Selenium testing: a new hope

Part II. Losing weight and going to containers.

In the first part I told about simple approaches to build scalable Selenium cluster without writing any line of code. In this part we’re going to dive into more subtle Selenium questions:

How to prepare easily scalable worker nodes using standard Selenium hub
Why it’s possible and even recommended to run the majority of browsers inside containers and how to do that
Which ready to use open source tools exist

What’s inside worker node

All new tools described in the first part are in fact smart thin proxies that redirect user requests to real Selenium Hub and Nodes. However when you think a bit more questions arrive:

How to arrange hubs and nodes to efficiently consume hardware resources and to still remain scalable?
Which operating system to use?
Which software should be installed?
Can we work without real display?

One may try to use hardware servers having one Selenium Hub and a lot of Selenium Nodes for different browsers. Seems reasonable but in fact is far from being useful:

As I previously said Selenium hub becomes very slow with big quantities of loaded nodes. Not sure about actual reasons but that’s what our experience shows. An advice — don’t look at Selenium source code when going to bed if you wish to sleep without nightmares. So we can’t use dozens of Selenium nodes with the same hub. Let’s then use only a few nodes with one hub. To stay efficient we need to reduce total number of CPU cores per hub — that’s a good reason to migrate to clouds. For example our installation for a long time was using small virtual machines with only 2 VCPUs and 4 Gb of RAM.
Not clear how to install different versions of the same browser in easy way (e.g. using binary packages).
Not clear how to easily account total quantity of each browser version.
Different Selenium Node versions are compatible with different browser versions. E.g. newer Selenium node can not support relatively old browser version.

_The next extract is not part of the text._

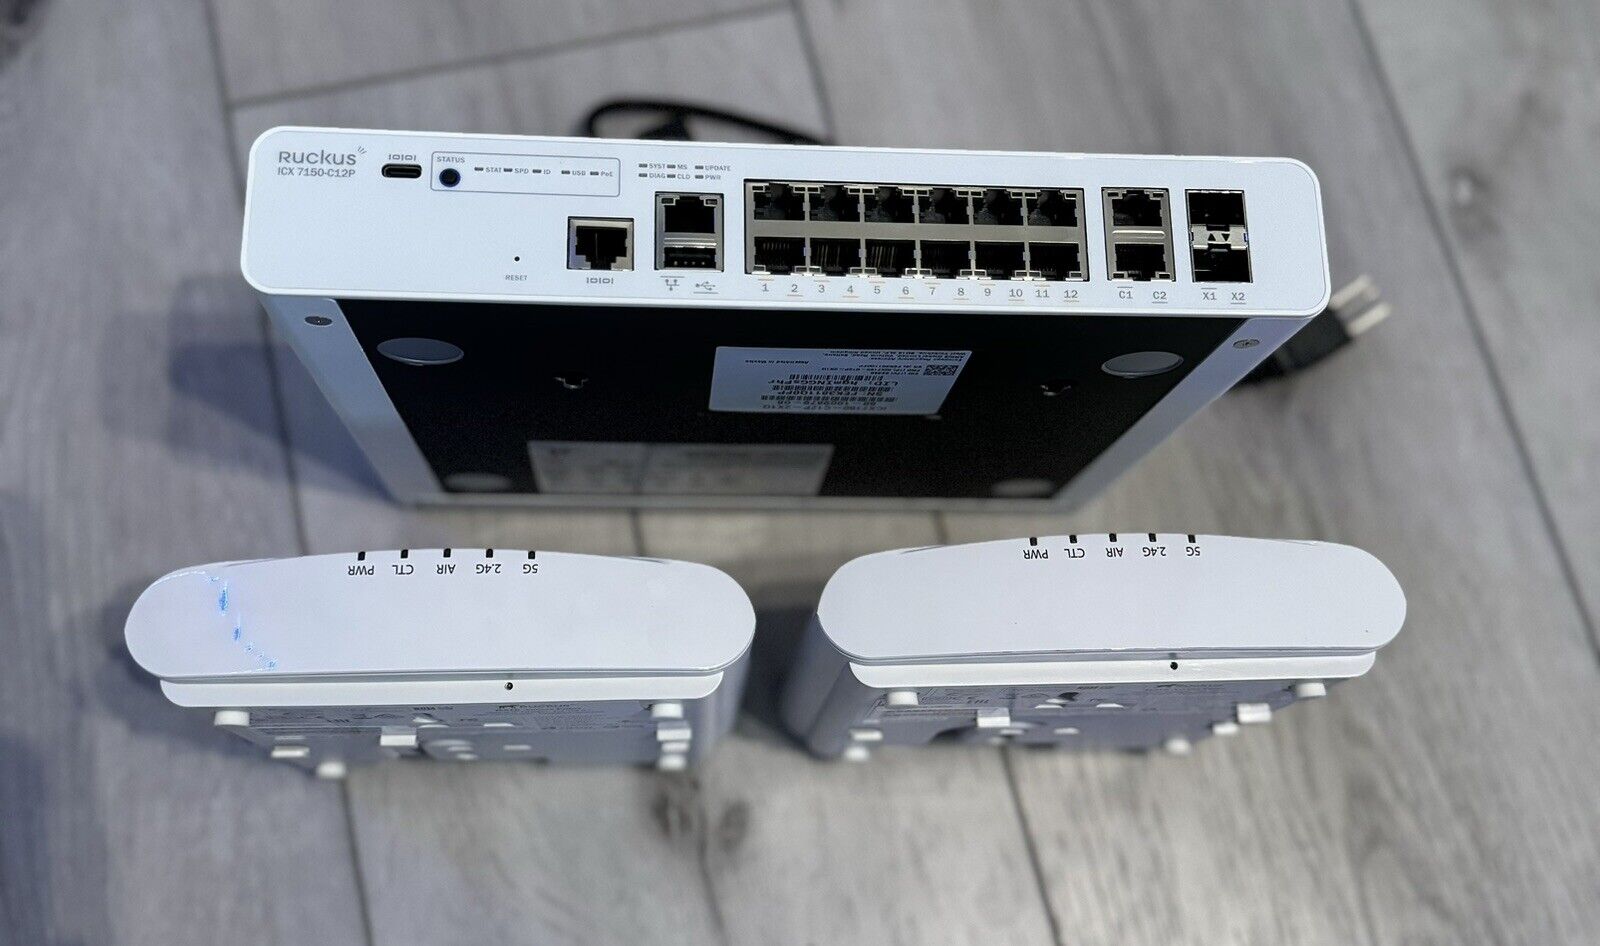 Ruckus ICX 7150-C12P 12-Ports Rack Compact PoE Switch AND 2 Ruckus R510 APs
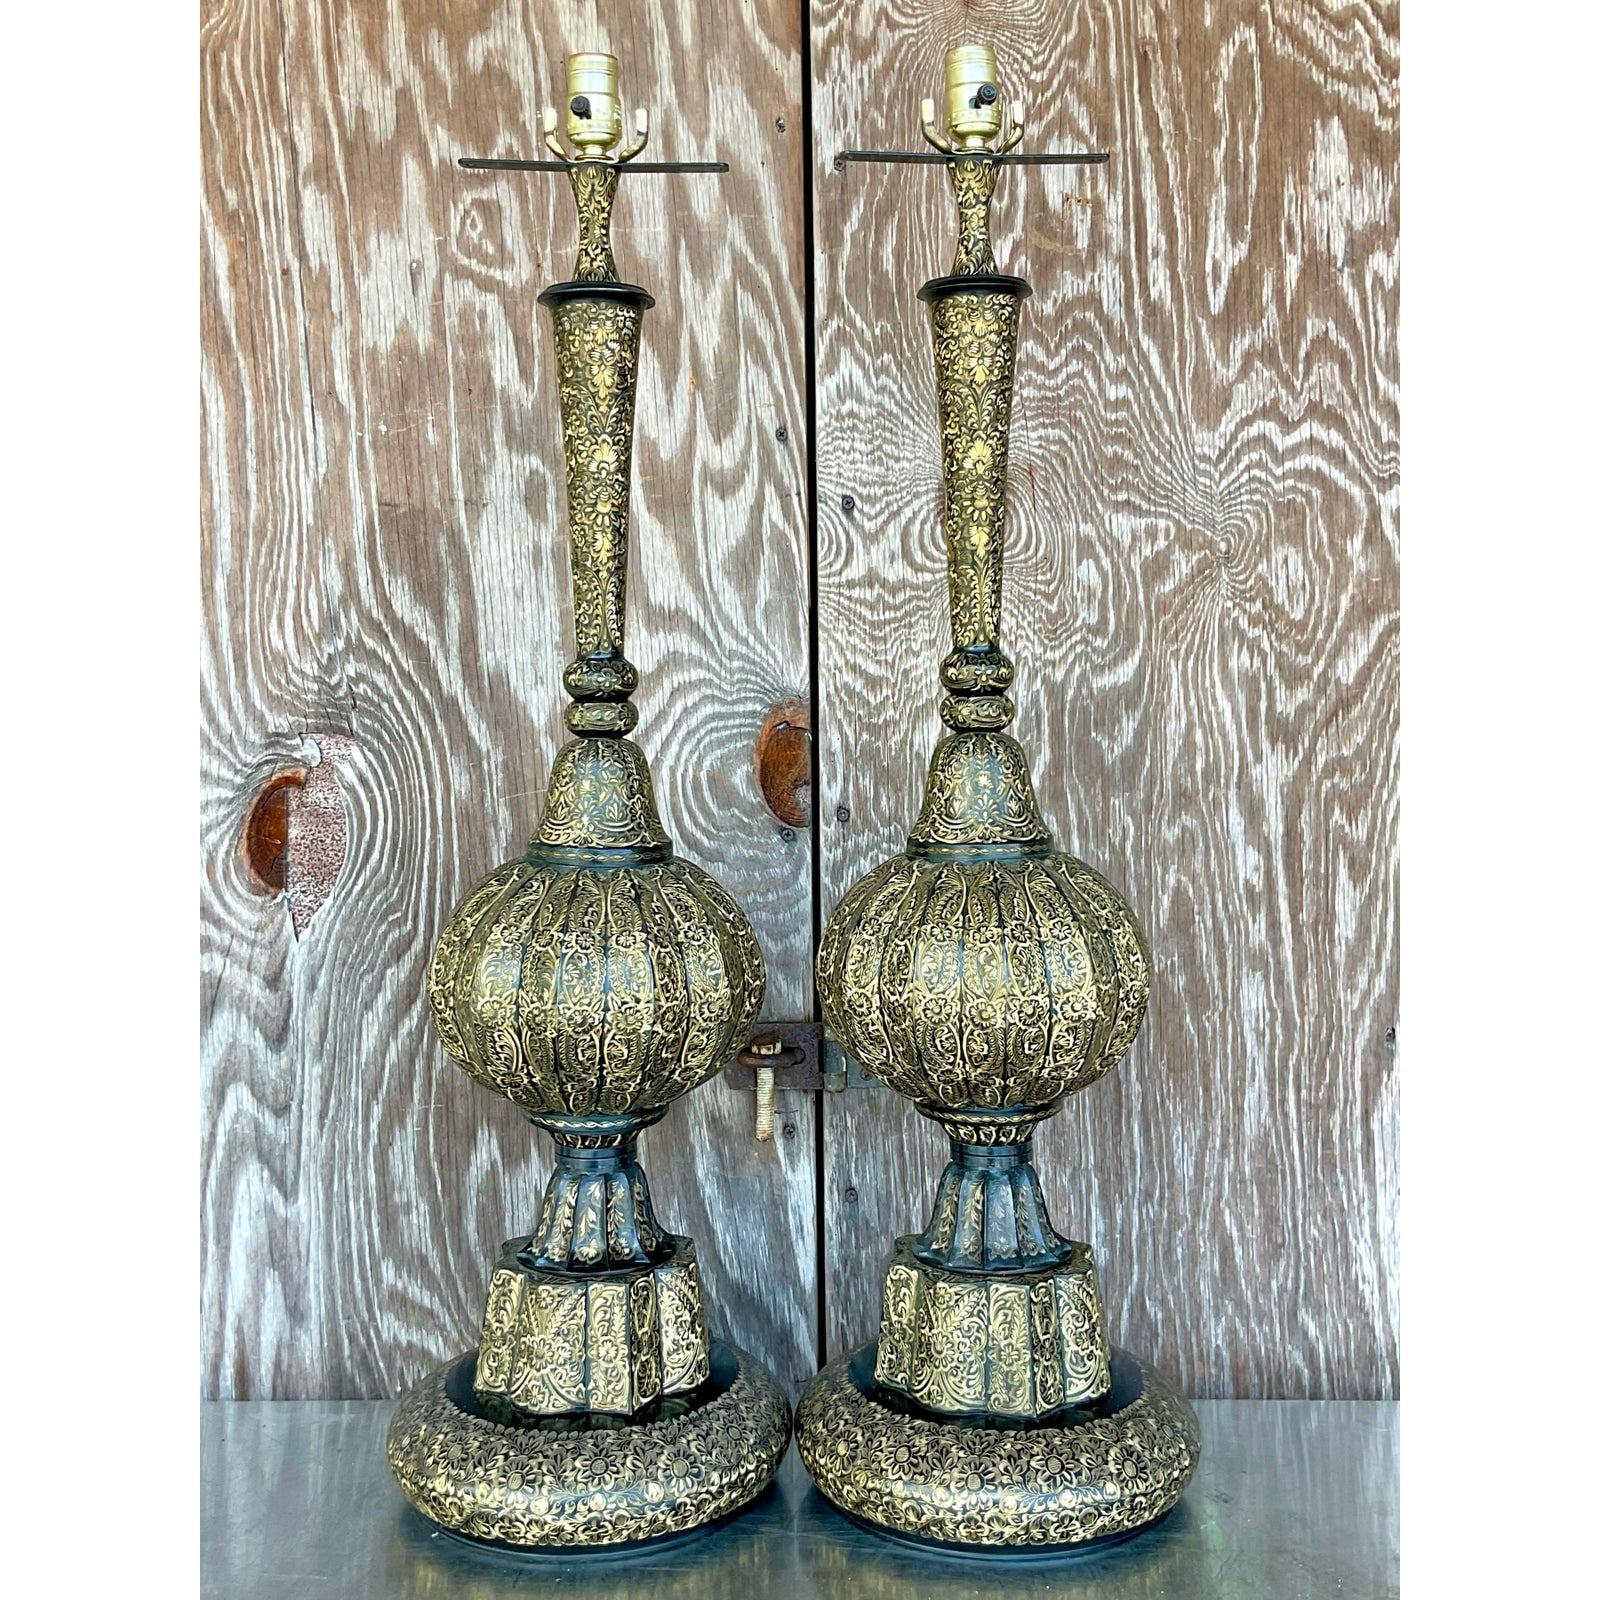 Vintage Boho Moroccan Etched Enamel and Brass Lamps - a Pair For Sale 2

The simplest way to always have the same quantity of nodes connected to the same hub is to launch both hub and nodes on the same virtual machine. If you use one machine per browser version that becomes an elementary school task to calculate total number of available browsers. You can easily add and remove virtual machines containing compatible version of Selenium node and browser. This is what we recommend when working with Selenium cluster in cloud with static quantities of each version available.

But what should be present inside such virtual machine except Selenium Hub and Selenium Node to work smoothly?

First of all we recommend using Linux as base operating system where possible. With Linux you can cover 80% of your browser needs. It’s simpler to enumerate what is not covered:

Internet Explorer and Microsoft Edge. These run only in Microsoft Windows and are subject for a separate article. For never was a story of more woe.
Desktop Safari. Is anybody using it? Selenium has rather poor support of this browser.
iOS and real Apple devices. You need to use Apple hardware such as MacMini and Appium to work with them.

To run standard Selenium you need to have Java (JDK or JRE) installed and Selenium JAR of desired version present.
A virtual machine has no real display so you need to launch Selenium node in particular X server that can work without display. Such implementation is called Xvfb. This can be done as follows:

xvfb-run -l -a -s '-screen 0 1600x1200x24 -noreset' java -jar \ selenium-server-standalone.jar -role node <...other args>

Notice that Xvfb is only needed for Selenium node process.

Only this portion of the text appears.